Data under study.
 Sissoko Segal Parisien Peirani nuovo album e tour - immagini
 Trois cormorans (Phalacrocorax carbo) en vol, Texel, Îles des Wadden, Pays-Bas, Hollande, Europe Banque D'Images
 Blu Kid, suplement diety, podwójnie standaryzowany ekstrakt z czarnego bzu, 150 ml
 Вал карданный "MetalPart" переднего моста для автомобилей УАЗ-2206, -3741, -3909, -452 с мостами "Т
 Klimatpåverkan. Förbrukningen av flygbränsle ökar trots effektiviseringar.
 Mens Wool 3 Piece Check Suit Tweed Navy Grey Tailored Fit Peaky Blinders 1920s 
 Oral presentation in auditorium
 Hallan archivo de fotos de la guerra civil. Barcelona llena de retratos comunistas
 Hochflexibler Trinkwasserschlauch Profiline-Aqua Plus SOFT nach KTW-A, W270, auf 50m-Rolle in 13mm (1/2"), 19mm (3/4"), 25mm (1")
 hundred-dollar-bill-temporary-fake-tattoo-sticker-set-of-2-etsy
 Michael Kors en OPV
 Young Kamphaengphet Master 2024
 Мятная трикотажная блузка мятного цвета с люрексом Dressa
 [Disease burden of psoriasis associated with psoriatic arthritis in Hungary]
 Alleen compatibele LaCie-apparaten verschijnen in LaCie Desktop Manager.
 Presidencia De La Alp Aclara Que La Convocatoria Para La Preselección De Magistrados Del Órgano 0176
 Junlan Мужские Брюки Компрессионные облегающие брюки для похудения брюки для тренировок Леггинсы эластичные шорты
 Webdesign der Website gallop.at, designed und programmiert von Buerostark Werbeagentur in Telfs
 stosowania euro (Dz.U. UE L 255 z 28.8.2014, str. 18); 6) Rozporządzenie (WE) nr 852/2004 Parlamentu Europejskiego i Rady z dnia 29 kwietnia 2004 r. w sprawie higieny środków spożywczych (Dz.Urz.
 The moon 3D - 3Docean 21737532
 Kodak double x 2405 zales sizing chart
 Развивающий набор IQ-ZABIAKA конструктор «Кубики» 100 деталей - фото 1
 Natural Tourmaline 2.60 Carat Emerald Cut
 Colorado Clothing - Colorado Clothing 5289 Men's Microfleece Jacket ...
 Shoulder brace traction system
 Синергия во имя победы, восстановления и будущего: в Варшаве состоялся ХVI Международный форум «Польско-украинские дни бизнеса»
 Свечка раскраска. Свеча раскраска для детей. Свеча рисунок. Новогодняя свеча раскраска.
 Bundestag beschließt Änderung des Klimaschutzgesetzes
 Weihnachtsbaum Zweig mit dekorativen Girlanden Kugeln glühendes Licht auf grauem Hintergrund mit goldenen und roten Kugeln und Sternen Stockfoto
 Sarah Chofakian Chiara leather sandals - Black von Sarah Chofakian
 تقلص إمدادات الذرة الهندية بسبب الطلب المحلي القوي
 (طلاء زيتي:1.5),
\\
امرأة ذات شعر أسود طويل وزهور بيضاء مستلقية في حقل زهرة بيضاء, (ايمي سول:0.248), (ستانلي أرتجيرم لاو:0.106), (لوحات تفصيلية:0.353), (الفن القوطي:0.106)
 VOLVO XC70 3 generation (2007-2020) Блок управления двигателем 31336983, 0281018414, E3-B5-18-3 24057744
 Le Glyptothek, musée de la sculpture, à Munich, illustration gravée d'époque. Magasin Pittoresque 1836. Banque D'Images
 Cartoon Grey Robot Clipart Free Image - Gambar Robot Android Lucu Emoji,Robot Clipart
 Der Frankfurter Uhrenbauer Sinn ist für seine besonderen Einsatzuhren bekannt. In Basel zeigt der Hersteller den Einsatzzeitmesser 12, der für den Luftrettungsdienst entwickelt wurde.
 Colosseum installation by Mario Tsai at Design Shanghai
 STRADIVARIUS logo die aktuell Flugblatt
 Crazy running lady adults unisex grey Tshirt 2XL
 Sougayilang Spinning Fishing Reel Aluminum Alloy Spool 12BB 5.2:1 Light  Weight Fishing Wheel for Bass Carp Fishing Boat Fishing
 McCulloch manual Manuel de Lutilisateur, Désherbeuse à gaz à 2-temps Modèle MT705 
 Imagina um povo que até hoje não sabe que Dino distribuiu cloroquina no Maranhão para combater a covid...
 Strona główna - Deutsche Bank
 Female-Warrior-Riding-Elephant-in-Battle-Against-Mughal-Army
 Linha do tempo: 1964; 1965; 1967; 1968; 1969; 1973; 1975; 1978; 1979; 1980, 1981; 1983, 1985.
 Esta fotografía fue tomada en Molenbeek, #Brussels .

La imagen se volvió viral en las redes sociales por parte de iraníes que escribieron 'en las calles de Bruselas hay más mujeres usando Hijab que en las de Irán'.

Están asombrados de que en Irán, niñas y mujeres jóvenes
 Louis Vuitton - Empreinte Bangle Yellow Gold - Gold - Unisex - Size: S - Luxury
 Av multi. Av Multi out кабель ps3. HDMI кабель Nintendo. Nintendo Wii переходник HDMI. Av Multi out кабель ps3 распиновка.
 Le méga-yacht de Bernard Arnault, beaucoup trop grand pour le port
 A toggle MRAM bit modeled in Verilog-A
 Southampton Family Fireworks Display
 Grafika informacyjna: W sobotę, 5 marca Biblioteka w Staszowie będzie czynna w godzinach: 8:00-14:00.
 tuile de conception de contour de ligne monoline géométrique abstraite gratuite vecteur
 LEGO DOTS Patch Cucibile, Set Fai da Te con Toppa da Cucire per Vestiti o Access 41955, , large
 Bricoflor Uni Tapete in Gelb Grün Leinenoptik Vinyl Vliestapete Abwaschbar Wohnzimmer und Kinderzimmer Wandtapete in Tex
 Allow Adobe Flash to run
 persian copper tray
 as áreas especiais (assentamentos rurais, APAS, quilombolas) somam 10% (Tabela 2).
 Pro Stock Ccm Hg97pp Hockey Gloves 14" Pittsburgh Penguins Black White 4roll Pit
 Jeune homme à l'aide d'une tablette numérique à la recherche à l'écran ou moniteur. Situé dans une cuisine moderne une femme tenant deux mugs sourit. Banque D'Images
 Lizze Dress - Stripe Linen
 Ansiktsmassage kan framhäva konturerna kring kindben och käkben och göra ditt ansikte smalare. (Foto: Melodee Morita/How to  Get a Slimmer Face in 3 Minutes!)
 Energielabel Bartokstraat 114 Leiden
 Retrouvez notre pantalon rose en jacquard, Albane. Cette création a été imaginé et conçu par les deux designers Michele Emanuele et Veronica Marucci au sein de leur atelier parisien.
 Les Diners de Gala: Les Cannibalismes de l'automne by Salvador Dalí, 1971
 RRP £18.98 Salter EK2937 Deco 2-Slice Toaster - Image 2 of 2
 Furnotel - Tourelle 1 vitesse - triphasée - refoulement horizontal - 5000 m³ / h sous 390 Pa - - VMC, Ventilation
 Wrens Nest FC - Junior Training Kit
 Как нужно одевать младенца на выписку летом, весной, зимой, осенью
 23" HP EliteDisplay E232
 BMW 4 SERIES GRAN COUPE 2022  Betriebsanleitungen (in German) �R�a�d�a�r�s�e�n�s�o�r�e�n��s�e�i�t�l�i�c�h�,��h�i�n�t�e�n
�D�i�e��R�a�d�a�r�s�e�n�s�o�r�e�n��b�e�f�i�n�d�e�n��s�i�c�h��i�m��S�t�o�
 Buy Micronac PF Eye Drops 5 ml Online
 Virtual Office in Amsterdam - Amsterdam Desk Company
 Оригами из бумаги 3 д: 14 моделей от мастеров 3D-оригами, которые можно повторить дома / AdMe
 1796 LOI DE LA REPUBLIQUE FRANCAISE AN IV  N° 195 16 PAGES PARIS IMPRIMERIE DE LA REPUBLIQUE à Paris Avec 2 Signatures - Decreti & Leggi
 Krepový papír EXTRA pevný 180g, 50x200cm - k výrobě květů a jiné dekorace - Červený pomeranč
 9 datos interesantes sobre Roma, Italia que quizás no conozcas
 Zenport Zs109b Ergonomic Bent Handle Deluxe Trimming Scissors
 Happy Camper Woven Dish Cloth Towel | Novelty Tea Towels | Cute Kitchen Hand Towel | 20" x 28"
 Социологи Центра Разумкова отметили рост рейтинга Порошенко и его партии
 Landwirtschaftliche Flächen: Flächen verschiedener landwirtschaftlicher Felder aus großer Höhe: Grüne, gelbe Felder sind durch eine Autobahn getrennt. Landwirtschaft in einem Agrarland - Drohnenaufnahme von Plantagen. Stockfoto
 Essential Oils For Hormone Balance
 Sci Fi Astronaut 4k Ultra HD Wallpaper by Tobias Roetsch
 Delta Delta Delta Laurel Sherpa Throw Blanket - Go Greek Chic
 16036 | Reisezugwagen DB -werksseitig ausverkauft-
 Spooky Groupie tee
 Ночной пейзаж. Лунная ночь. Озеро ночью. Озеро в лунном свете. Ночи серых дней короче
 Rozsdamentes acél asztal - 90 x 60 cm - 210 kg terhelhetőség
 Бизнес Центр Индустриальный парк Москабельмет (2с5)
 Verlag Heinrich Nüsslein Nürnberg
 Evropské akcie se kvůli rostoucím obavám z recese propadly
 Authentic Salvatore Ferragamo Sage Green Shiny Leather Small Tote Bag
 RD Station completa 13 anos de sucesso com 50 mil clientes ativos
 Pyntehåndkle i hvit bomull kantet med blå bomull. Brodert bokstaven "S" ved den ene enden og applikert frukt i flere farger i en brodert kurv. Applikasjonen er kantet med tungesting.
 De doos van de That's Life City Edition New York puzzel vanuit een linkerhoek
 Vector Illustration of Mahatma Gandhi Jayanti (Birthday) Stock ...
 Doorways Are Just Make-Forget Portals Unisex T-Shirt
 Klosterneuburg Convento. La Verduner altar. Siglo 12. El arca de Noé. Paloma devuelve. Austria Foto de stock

Exercise instructions. Which lines run from the first of the listing to the line containing "Shoulder brace traction system"? Reproduce those exactly, both ends included.

Response.
 Sissoko Segal Parisien Peirani nuovo album e tour - immagini
 Trois cormorans (Phalacrocorax carbo) en vol, Texel, Îles des Wadden, Pays-Bas, Hollande, Europe Banque D'Images
 Blu Kid, suplement diety, podwójnie standaryzowany ekstrakt z czarnego bzu, 150 ml
 Вал карданный "MetalPart" переднего моста для автомобилей УАЗ-2206, -3741, -3909, -452 с мостами "Т
 Klimatpåverkan. Förbrukningen av flygbränsle ökar trots effektiviseringar.
 Mens Wool 3 Piece Check Suit Tweed Navy Grey Tailored Fit Peaky Blinders 1920s 
 Oral presentation in auditorium
 Hallan archivo de fotos de la guerra civil. Barcelona llena de retratos comunistas
 Hochflexibler Trinkwasserschlauch Profiline-Aqua Plus SOFT nach KTW-A, W270, auf 50m-Rolle in 13mm (1/2"), 19mm (3/4"), 25mm (1")
 hundred-dollar-bill-temporary-fake-tattoo-sticker-set-of-2-etsy
 Michael Kors en OPV
 Young Kamphaengphet Master 2024
 Мятная трикотажная блузка мятного цвета с люрексом Dressa
 [Disease burden of psoriasis associated with psoriatic arthritis in Hungary]
 Alleen compatibele LaCie-apparaten verschijnen in LaCie Desktop Manager.
 Presidencia De La Alp Aclara Que La Convocatoria Para La Preselección De Magistrados Del Órgano 0176
 Junlan Мужские Брюки Компрессионные облегающие брюки для похудения брюки для тренировок Леггинсы эластичные шорты
 Webdesign der Website gallop.at, designed und programmiert von Buerostark Werbeagentur in Telfs
 stosowania euro (Dz.U. UE L 255 z 28.8.2014, str. 18); 6) Rozporządzenie (WE) nr 852/2004 Parlamentu Europejskiego i Rady z dnia 29 kwietnia 2004 r. w sprawie higieny środków spożywczych (Dz.Urz.
 The moon 3D - 3Docean 21737532
 Kodak double x 2405 zales sizing chart
 Развивающий набор IQ-ZABIAKA конструктор «Кубики» 100 деталей - фото 1
 Natural Tourmaline 2.60 Carat Emerald Cut
 Colorado Clothing - Colorado Clothing 5289 Men's Microfleece Jacket ...
 Shoulder brace traction system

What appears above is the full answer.